I know, I know: eliminate everything for 30 days and then introduce one thing at a time, waiting 3 days or so before adding the next item.
Why the heck is that soo difficult for me to do!!!
I'm embarrassed to say I've been trying to hack my diet for over a year, trying to get to the bottom of what I'm pretty certain is some kind of food intolerance.
I feel better, introduce something new, still feel better then a few weeks later, things go to hell.
It's clearly not a classic 'food allergy': eat a peanut, throat swells up right up.
Whatever it is, it seems like it takes a week to 'build up'.
I've individual tested through elimination and challenges each of the top 8 food allergens, as well as tested various hypothesis such as tyramine (cause I had a history of migraines), msg, sulfites, nightshades, electrolyte imbalances, fermented foods, etc.
This time, I'm making a pledge to myself (as well as a public commitment right here, right now) to work very hard to limit the variables.
Question: Am I the only one either too impatient, or too stupid to implement this very logical system of food elimination and food challenges?
Let me know, it will make me feel less dumb.
It sounds like with your pattern you need to change 1 thing and wait 2-3 weeks to change another, not three days. And of course that would take superhuman commitment! Sometimes keeping a food diary with all your symptoms etc. in it will allow you to see patterns. Depending on your problems, you might be able to look back at the days or weeks before hand and realize that each time you got symptoms you had the same food three-four days previously. Bingo! I did this myself for many years. I was on a low oxalate diet and I was able to pick out many high oxalate foods (previously thought to be low oxalate) before they were retested because I finally learned that it took about three days for me to have severe symptoms after eating an offending food. It was hard work, but maybe easier than your wait 3 weeks to try another food strategy.
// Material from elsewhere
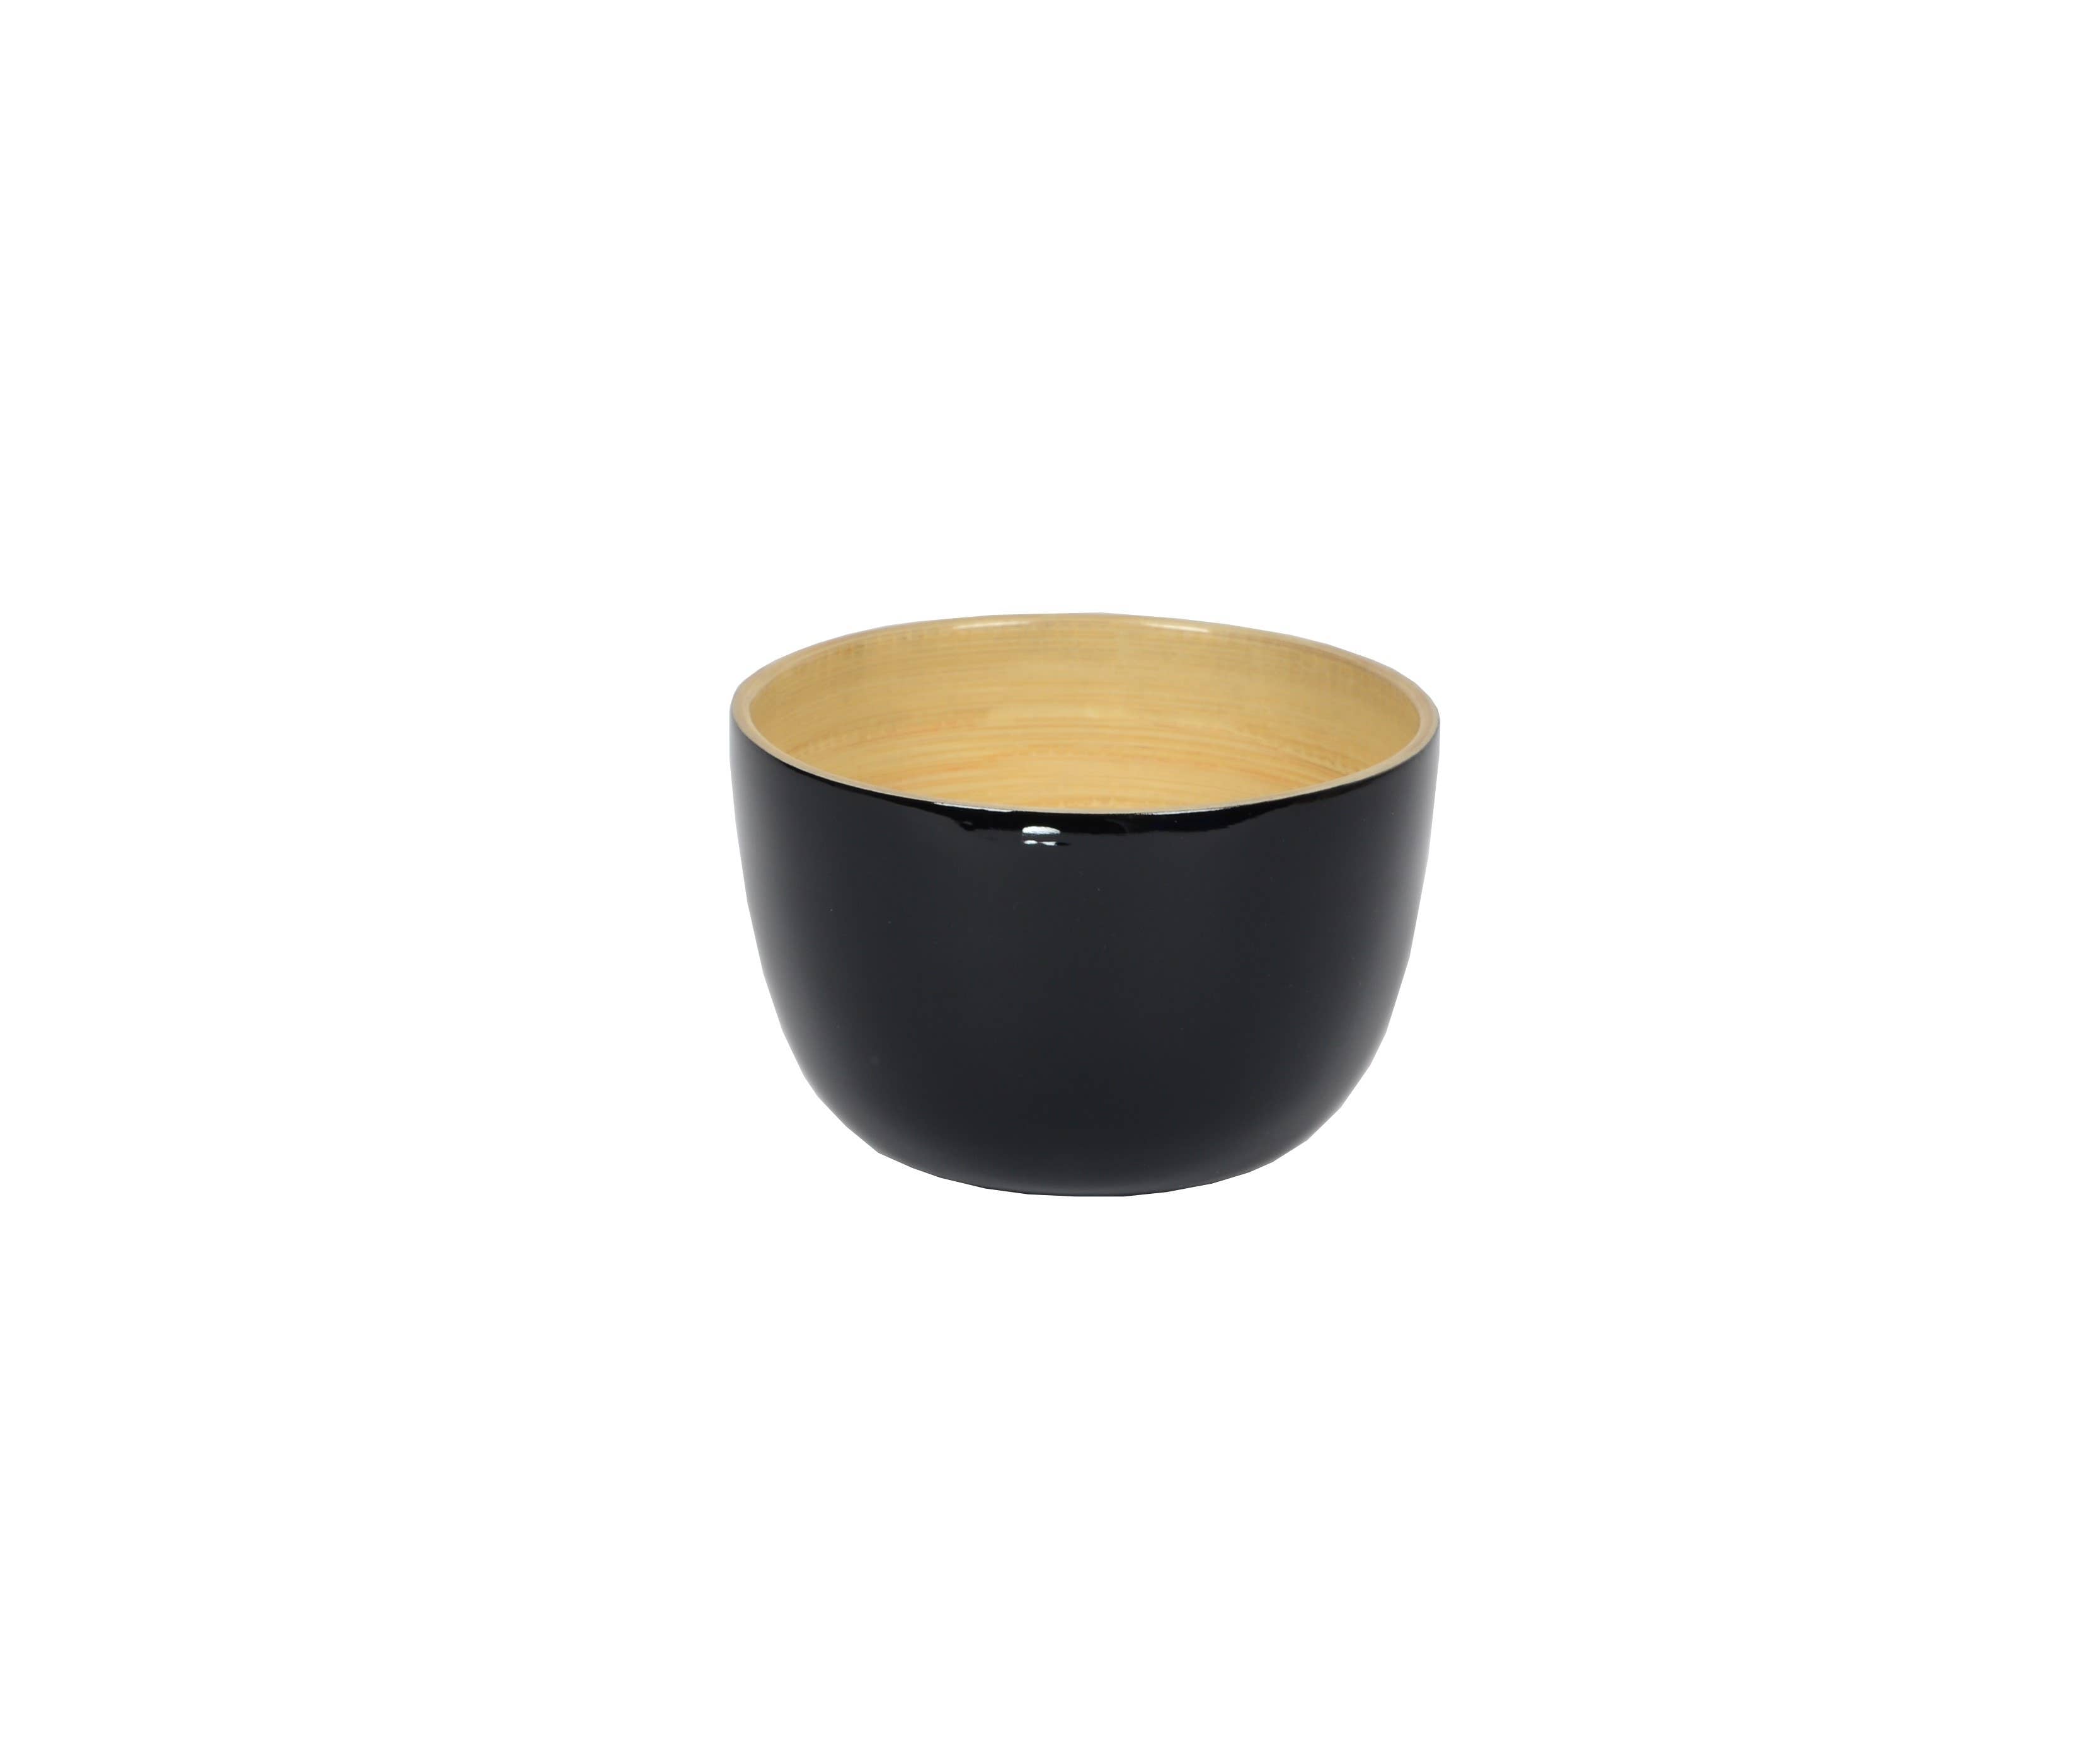 White Bamboo Soup Bowl 4.7" x 3.2"

I agree totaly, but I am trying to simplify things to see what happens. My goal over the next month is to have a bullet proof type coffee in the morning, take about a cup or so of bone broth around noon; and have a lunch of salad, smoked herring, cut up raw veg at about 2 pm and then have a dinner/supper of meat, veg and rice or patato/sweet potato. I figure if I stick with this for a month or so, I will have a good idea what foods may be a problem if I re-introduce them after. This obviously involves IF and I'm not even trying an elimination protocol, but rather trying to keep things simple; at least during the work week. I figure It keeps the food budget consistant and my goal of losing a few pounds.